**What to do**
In this exercise, print only the lines of the records below from the one with "餐饮美食 橙汁 果汁 酒" through the one with "Licking Pussy Souyo!", inclusive. Pictures are not part of the copy.

**Exercise data**
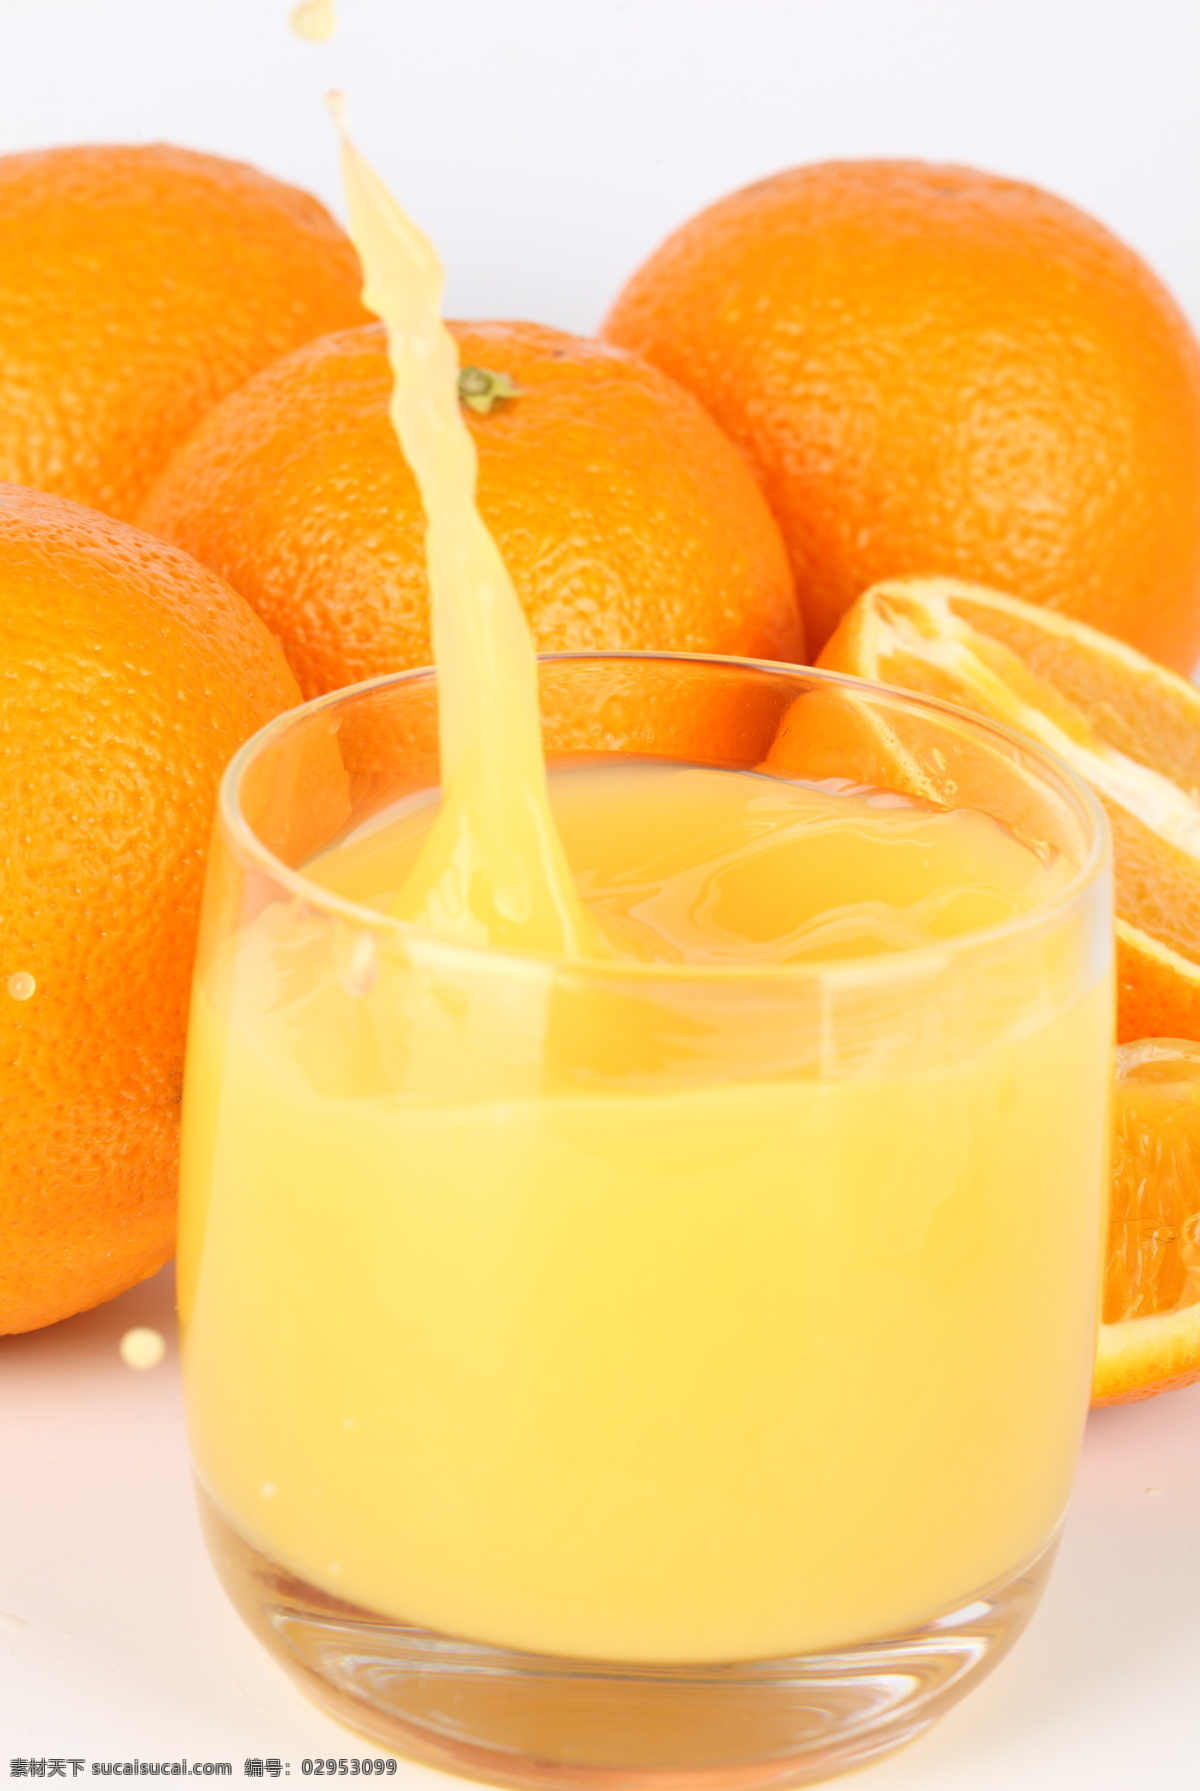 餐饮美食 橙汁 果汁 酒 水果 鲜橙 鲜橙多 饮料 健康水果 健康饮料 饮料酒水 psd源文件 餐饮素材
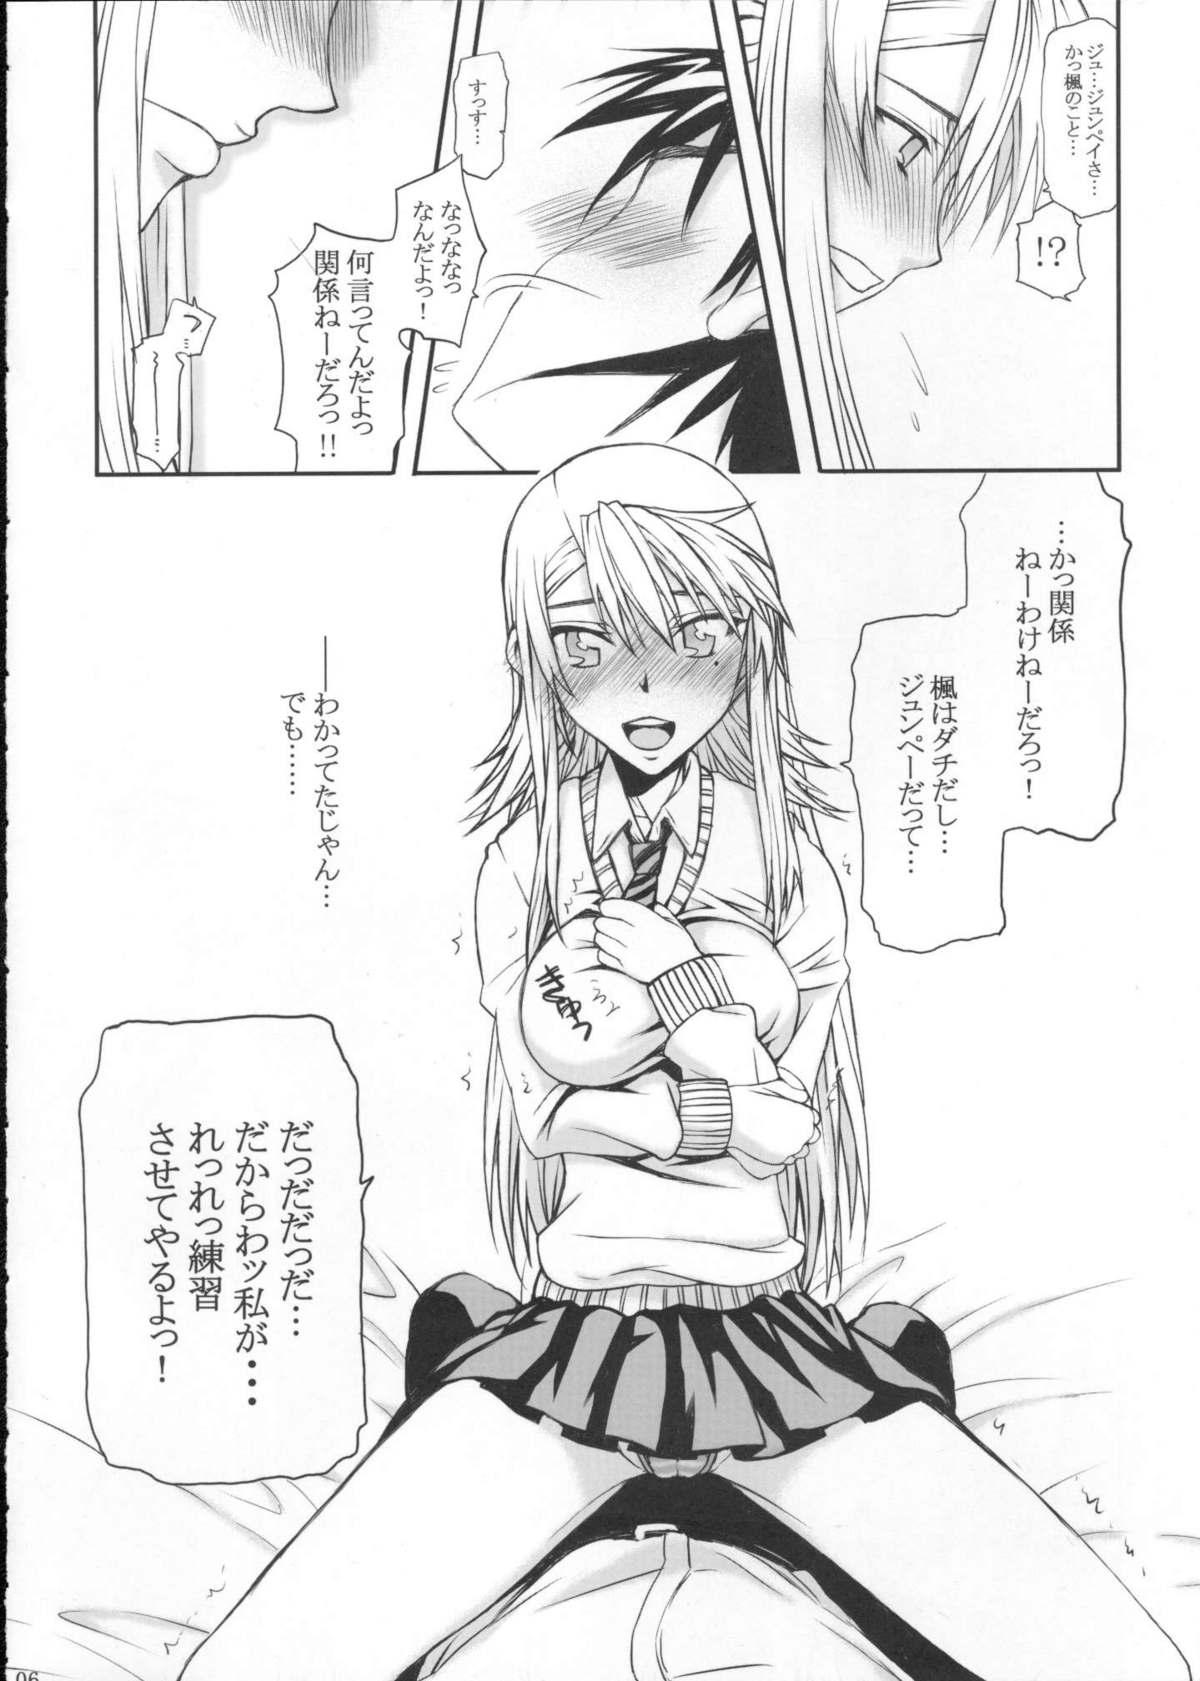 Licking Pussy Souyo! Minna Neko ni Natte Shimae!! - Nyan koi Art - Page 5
==
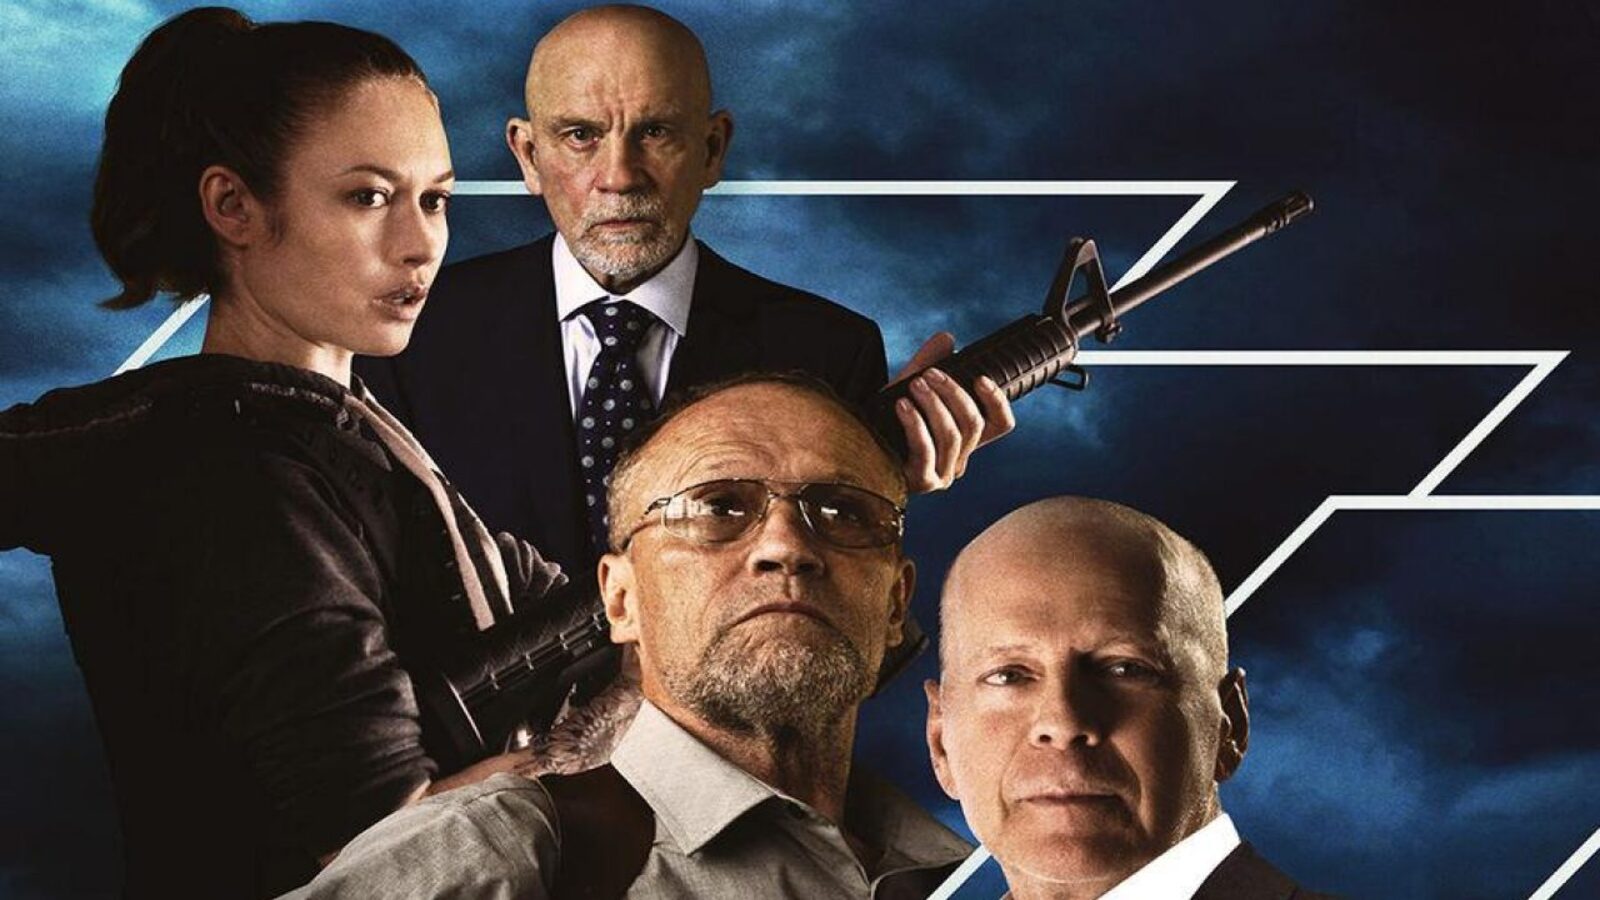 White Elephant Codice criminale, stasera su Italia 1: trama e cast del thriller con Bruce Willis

**Exercise solution**
 餐饮美食 橙汁 果汁 酒 水果 鲜橙 鲜橙多 饮料 健康水果 健康饮料 饮料酒水 psd源文件 餐饮素材
 Licking Pussy Souyo! Minna Neko ni Natte Shimae!! - Nyan koi Art - Page 5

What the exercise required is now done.